Against Dodgers, deGrom’s Dominance Continues, Evoking Past Greats

© Wendell Cruz-USA TODAY Sports

NEW YORK — It’s not as though Jacob deGrom hadn’t faced strong offenses in his first five starts upon returning from four months on the shelf due to a stress reaction in his right scapula. He’d twice gone up against the Braves, who rank second in the National League in scoring and who remain hot on the Mets’ tail in the NL East, as well as the Phillies, who rank fifth in scoring. On Wednesday night, in a playoff-like atmosphere at Citi Field, deGrom passed his toughest test since returning, holding the Dodgers — who lead the majors in scoring (5.36 runs per game) and wRC+ (121) — to just one run on three hits in a 2-1 victory completed in just two hours and 19 minutes.

deGrom struck out nine while matching his season high of 25 swings and misses. He’s been so dominant in his limited 2022 action that it rated as noteworthy that he surrendered a walk and a homer in the same game; he had allowed just two of each against the 103 batters he’d faced thus far (1.9%), that while striking out 46 (44.7%). More on his insane numbers further below.

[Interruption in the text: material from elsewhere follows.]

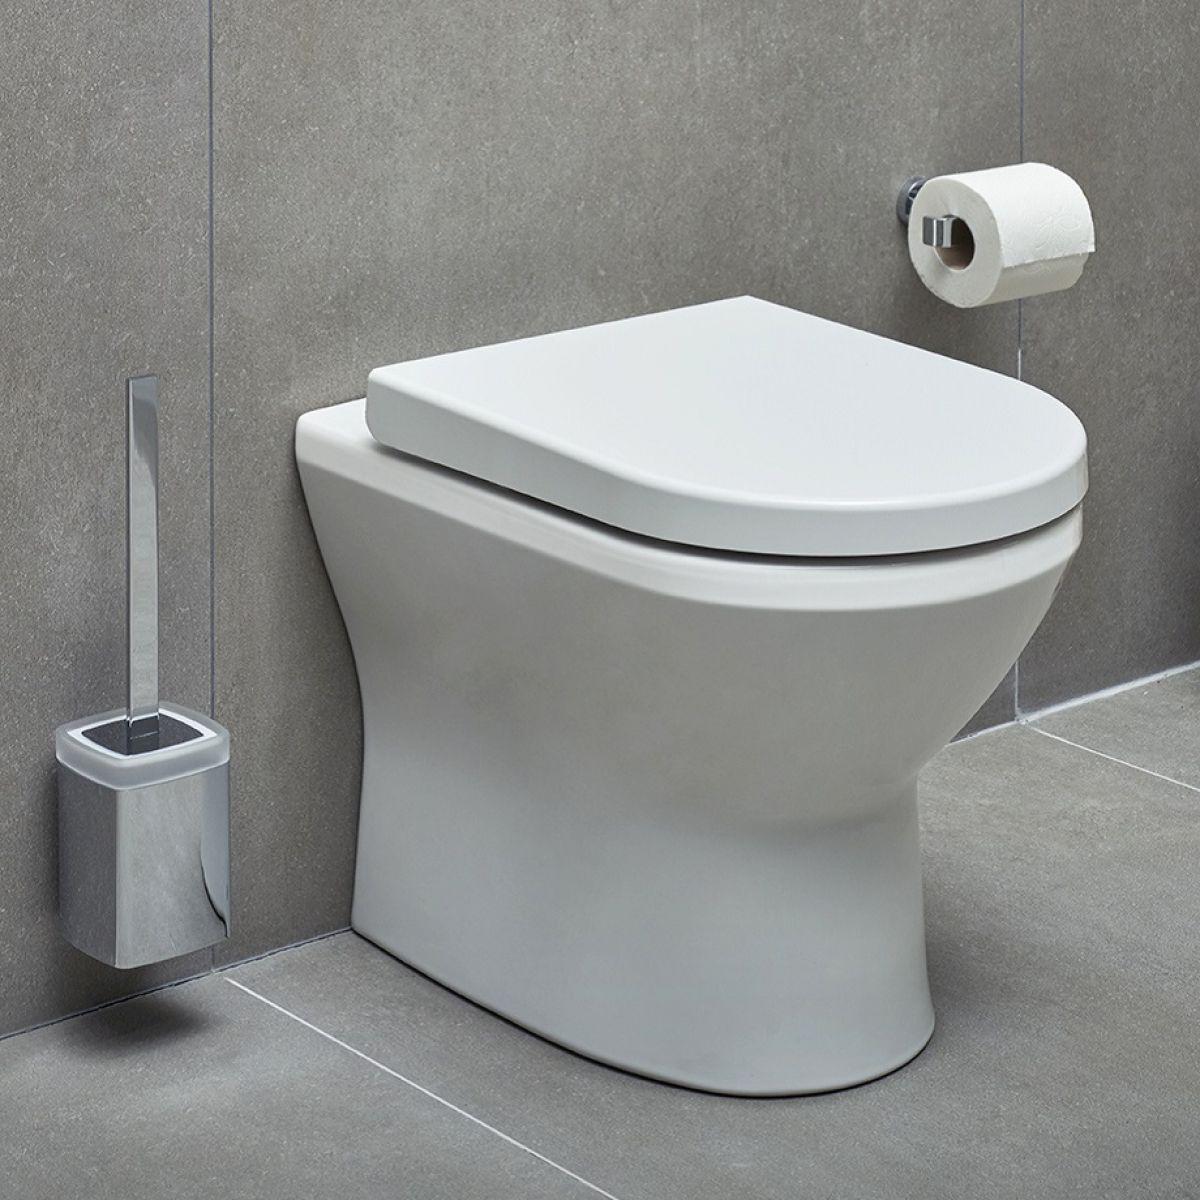 Swell Vitra Integra Rimless Floor Standing Toilet Creativecarmelina Interior Chair Design Creativecarmelinacom

deGrom got the walk out of the way almost immediately, issuing a five-pitch pass to Trea Turner, the Dodgers’ second hitter, in the top of the first inning. He didn’t get to another three-ball count until his seventh and final inning, and didn’t allow a hit until Justin Turner singled past a diving Francisco Lindor with one out in the fifth. That one ultimately didn’t do any damage, but a hanging slider to Mookie Betts to lead off the sixth inning was another matter. Betts drilled it 415 feet to left-center for his 32nd homer of the season and his fifth in his past five starts.

A two-out single by Freddie Freeman in that same inning was the last hit the Dodgers collected against the two-time Cy Young winner, though deGrom needed the help of a sparkling defensive play to avoid another. With one out in the seventh and the Mets clinging to a 2-1 lead thanks to Starling Marte’s third-inning homer off Tyler Anderson, Justin Turner caught up to a 100-mph fastball and hit a 104-mph bullet to deep center field, where Brandon Nimmo leaped and stole what would have been a game-tying home run. Raising his arms in triumph, deGrom smiled and then tipped his cap to Nimmo, who afterwards called the catch “one of the best plays I’ve ever made.” An already-boisterous crowd of 41,799 fans went wild.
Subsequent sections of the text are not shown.